For him, the word Partition doesn’t just mark a historical event. It opens an emotional wound. He recalled how the atmosphere shifted overnight. “Wahan ratti bhar nahi tha, tab Partition ki baat se ek larza sa ajeeb si haalat ho jaati hai.” That fear, that confusion, stayed with him.
The moment he remembers most clearly involves his beloved teacher, Master Ruknuddin. Dharmendra was just a young boy, studying in the eighth standard, trying to make sense of a world suddenly full of uncertainty. One day he saw his teacher walking through the bazaar, head lowered, preparing to leave town. The boy in him couldn’t understand why someone he admired had to go.
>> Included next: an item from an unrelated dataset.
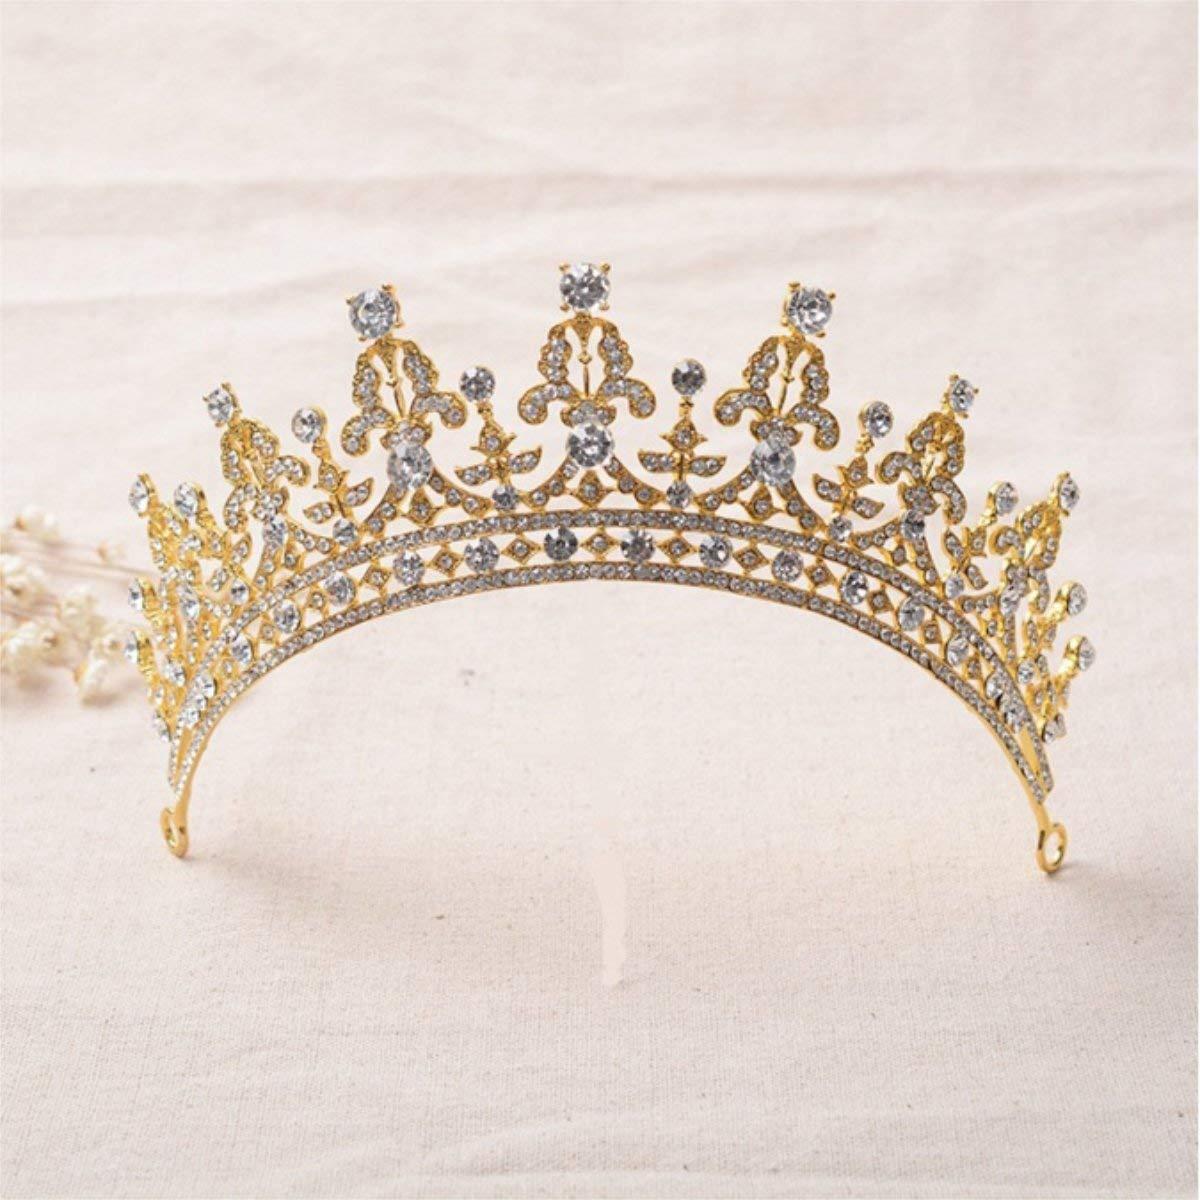 ... Hair Accessories Bridal Jewelry (Silver) 10.99. FUMUD Red Clear Wedding  Bridal Crystal Tiara Crowns Princess Queen Pageant Prom Rhinestone Tiara ... 5877bb4c3a79

He described it in his own words:
“Hamare Ruknuddin master jo the jab ja rahe the bazaar se, unmein sar niche jhukaaye the. Toh main jaake lipta unse, ro pada. Main bola aap kyu ja rahe ho Master ji? Mujh jao bolen? Nahi bete, humko jana hi padega.”
The helplessness in that moment stayed with him. The fear of losing someone he cared for made him cry as a child, and the memory still shakes him decades later.
He also remembered his friends, boys he played with every day. “Eighth mein tha jab yeh Partition hua. Mere dost the Abdul Jabbar, Akram… hum itne pyaar se rehte the. Kuch bhedbhaav ratti bhar nahi tha.”
These stories show that long before Dharmendra became an icon, he was a sensitive boy watching the world around him break apart. His memories are a reminder that Partition wasn’t just about borders. It was about relationships torn apart, teachers forced to leave, and children learning too early what loss feels like.